Hughes, Charles Evans (1862–1948)
Lawyer, reformer, governor, secretary of state, presidential candidate, and twice a member of the U.S. Supreme Court—once as an associate justice and once as chief justice—Charles Evans Hughes played a major role in twentieth-century American jurisprudence. Remembered primarily as the man who led the Court through the constitutional crisis of 1937, Hughes was not a profound thinker, but he was extremely systematic in his thought. While economically conservative, Hughes nonetheless had a deep sympathy for the oppressed and for civil liberties.
Two main themes marked Hughes’s jurisprudence. First, he believed in enhancing the power of state and national governments to deal with the economy. Although in the 1930s he occasionally voted against this belief, over the course of his two different tenures on the Court it remained a consistent motif. Second, he wanted to give substance to the restraints imposed by the Constitution in order to protect the rights of individuals.

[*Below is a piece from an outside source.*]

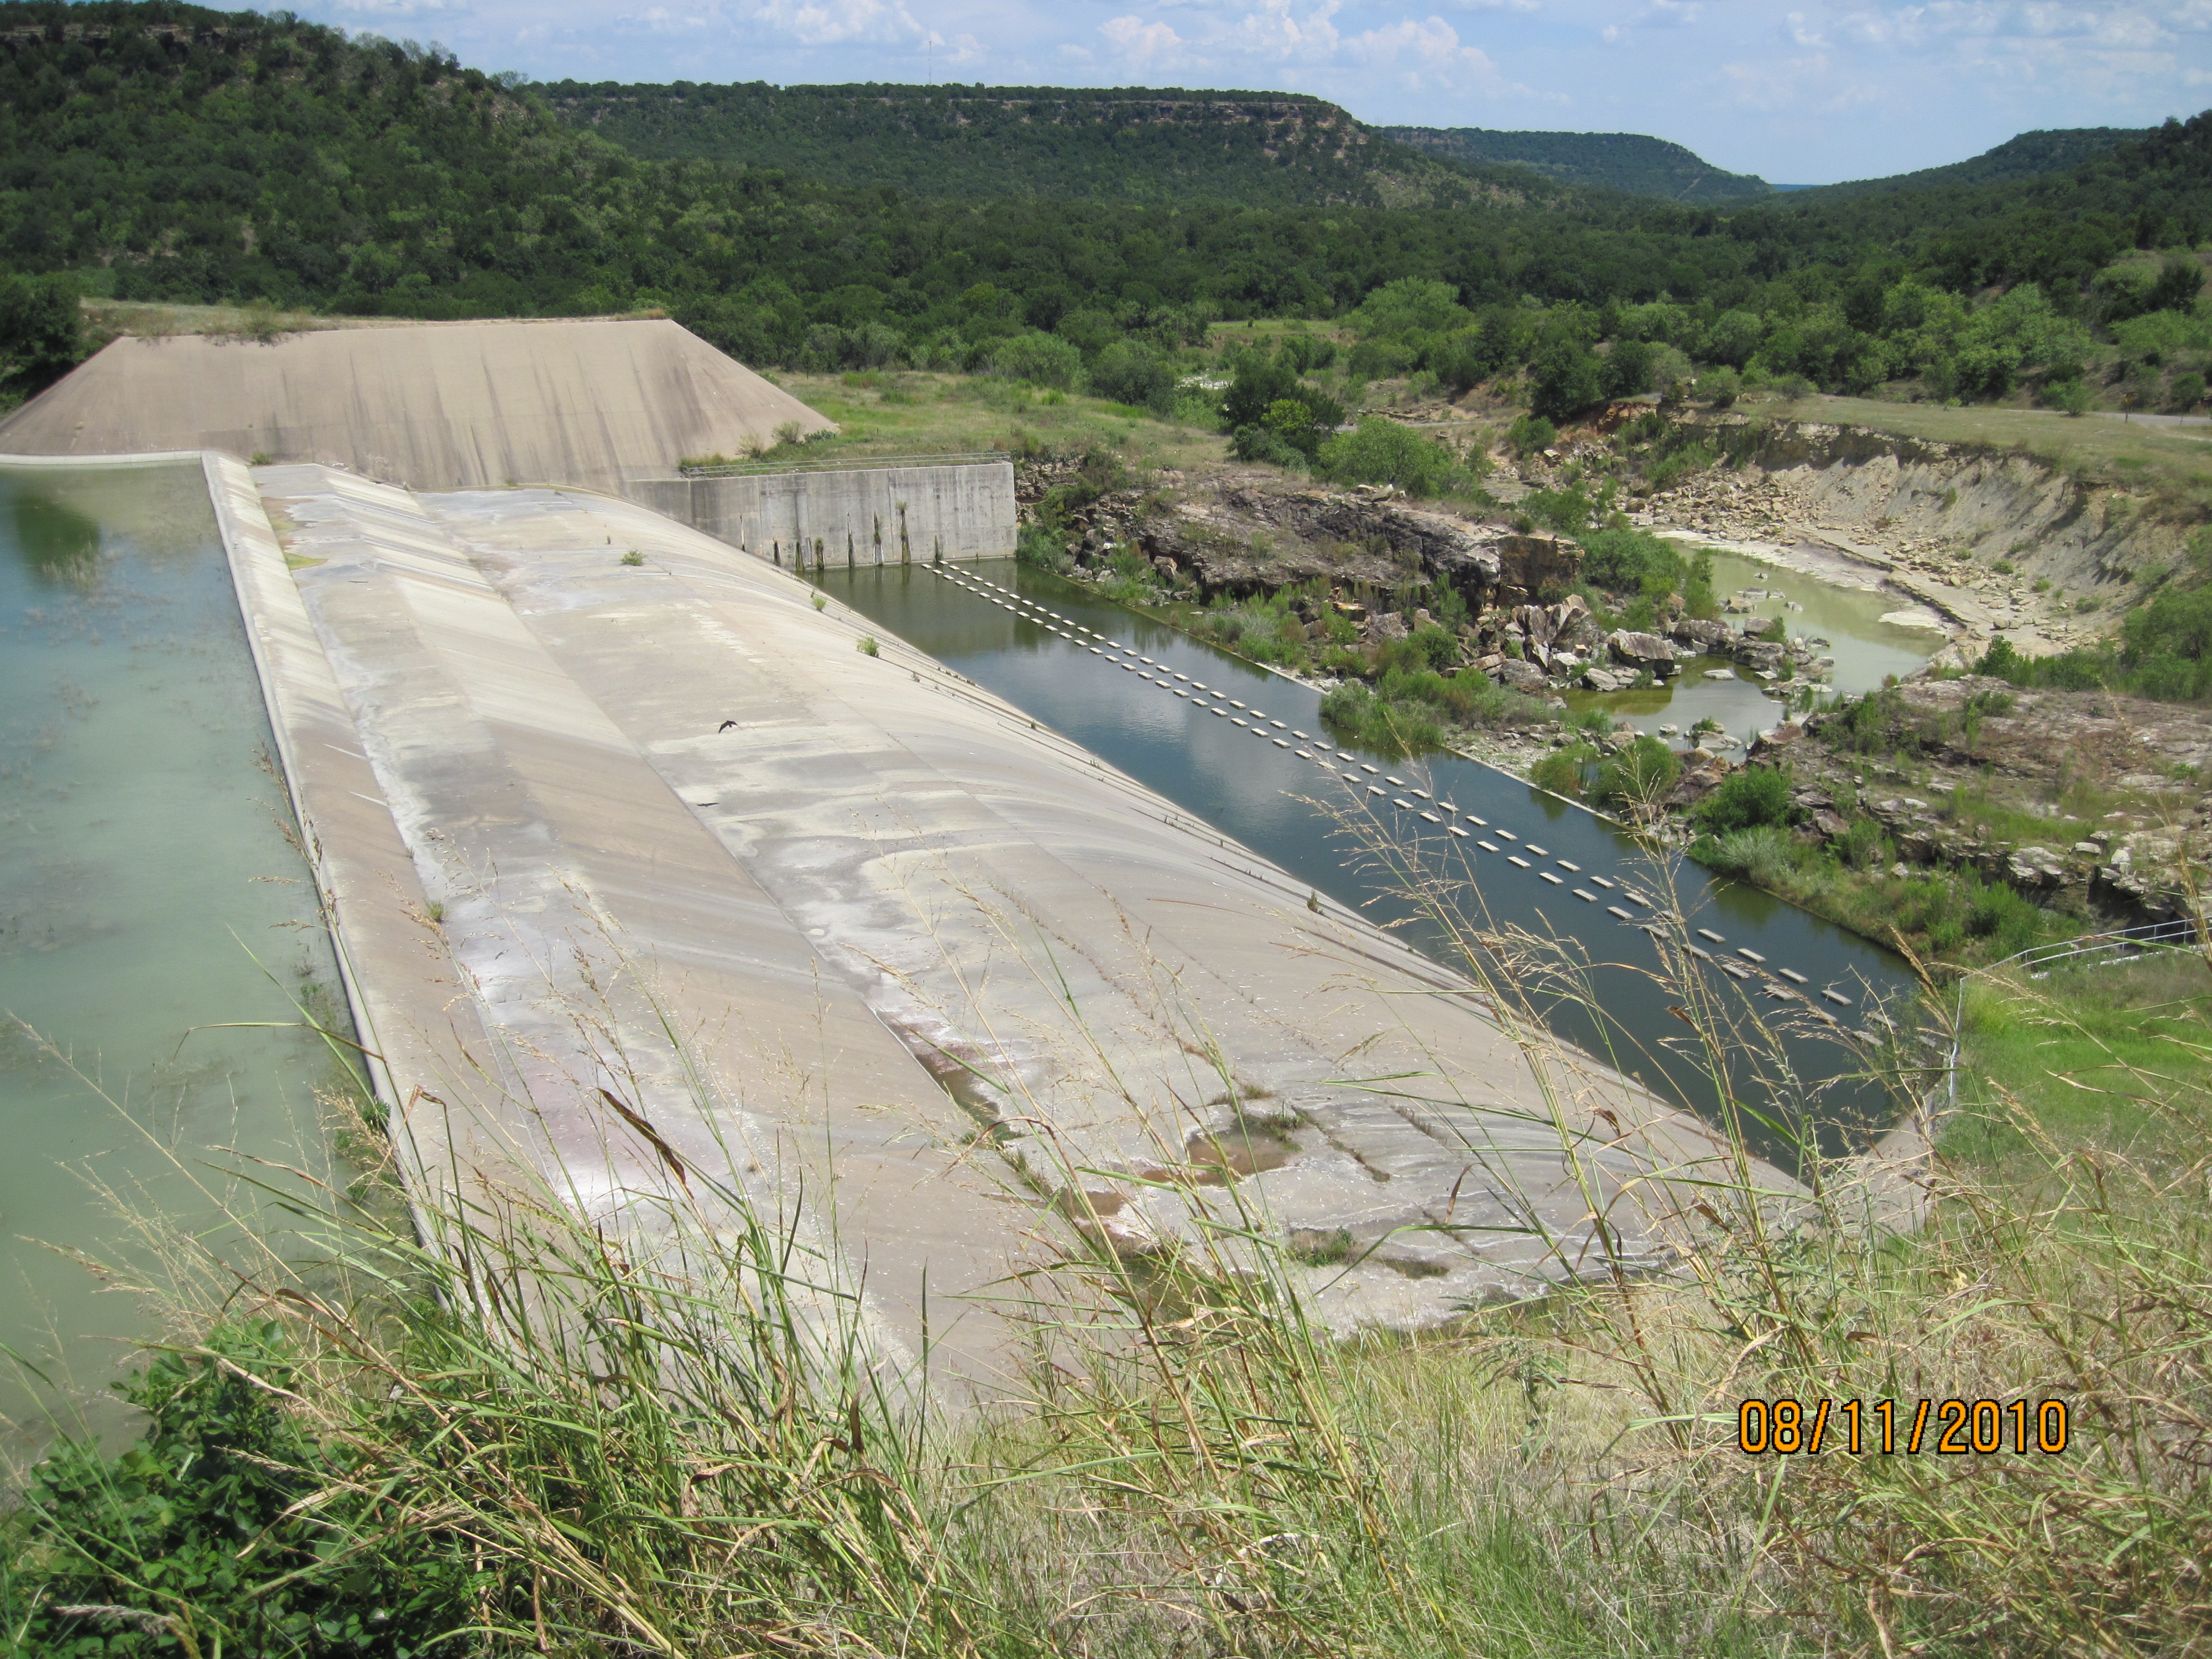 Another view of the Palo Pinto Spillway

During his first term on the Court (1910–1916), he wrote the opinion in Bailey v. Alabama (1911) striking down the South’s peonage system, by which blacks could be condemned to a near slave-like bondage through manipulation of debt laws. His solicitude for personal rights also manifested it self in Truax v. Raich (1915), in which he spoke for the Court in voiding an Arizona statute limiting the number of aliens a single employer could hire. Although he normally deferred to the legislature in matters of economic regulation, in this case he found the law a blatant form of discrimination against aliens, depriving them of the constitutional ‘‘right to work for a living.’’
Hughes wrote one of the earliest decisions retreating from the Court’s endorsement of segregation in Plessy v. Ferguson (1896). He wrote for a bare majority of the Court in declaring unconstitutional an Oklahoma statute that provided for luxury cars for whites, but none for people of color. Even if only one Negro wanted such an accommodation, Hughes wrote, the railroad had to provide it; if the Plessy formula were to be kept, the accommodations, while separate, had to be equal (McCabe v. Atchison, Topeka & Santa Fe Railway Co. ).

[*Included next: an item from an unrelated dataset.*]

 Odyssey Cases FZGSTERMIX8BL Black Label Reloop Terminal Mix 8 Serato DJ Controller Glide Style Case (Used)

Hughes left the Court to run unsuccessfully for president on the Republican ticket in 1916, and then returned to New York to open a private law practice. His concern for civil liberties remained, and in 1920, on his own initiative, he volunteered his services on behalf of five elected New York assemblymen who had been denied their seats because they were Socialists. Although unsuccessful in the atmosphere of the red scare hysteria, the gesture nonetheless would be counted an important step in helping to build a civil liberties consciousness in the country.
Named by Herbert Hoover to be chief justice in 1930, Hughes’s record on civil liberties is mixed, although for the most part the pro-liberties opinions contributed greatly to a new jurisprudence of rights that would emerge in the 1950s and 1960s. In fact, his appointment to replace Taft reversed a five-to-four majority in a pending case, and established an important doctrine in press clause jurisprudence.
The Minnesota legislature had authorized suppression of ‘‘malicious, scandalous and defamatory’’ newspapers, and Jay Near, the editor of the Saturday Press, had challenged the law as a violation of his press freedom. Taft had been willing to uphold the law, but when Hughes took over he voted with the four dissenters, and in his opinion in Near v. Minnesota (1931), established two basic principles. First, the press clause of the First Amendment applied to the states through incorporation by the Fourteenth Amendment, and second, there could be no prior restraint by the state on what newspapers published.
That same year, in Stromberg v. California (1931), Hughes wrote the Court’s opinion voiding a state law prohibiting the flying of so-called provocative flags or symbols. Harry Kalven, Jr. called the decision ‘‘the first case in the history of the Court in which there was an explicit victory for free speech.’’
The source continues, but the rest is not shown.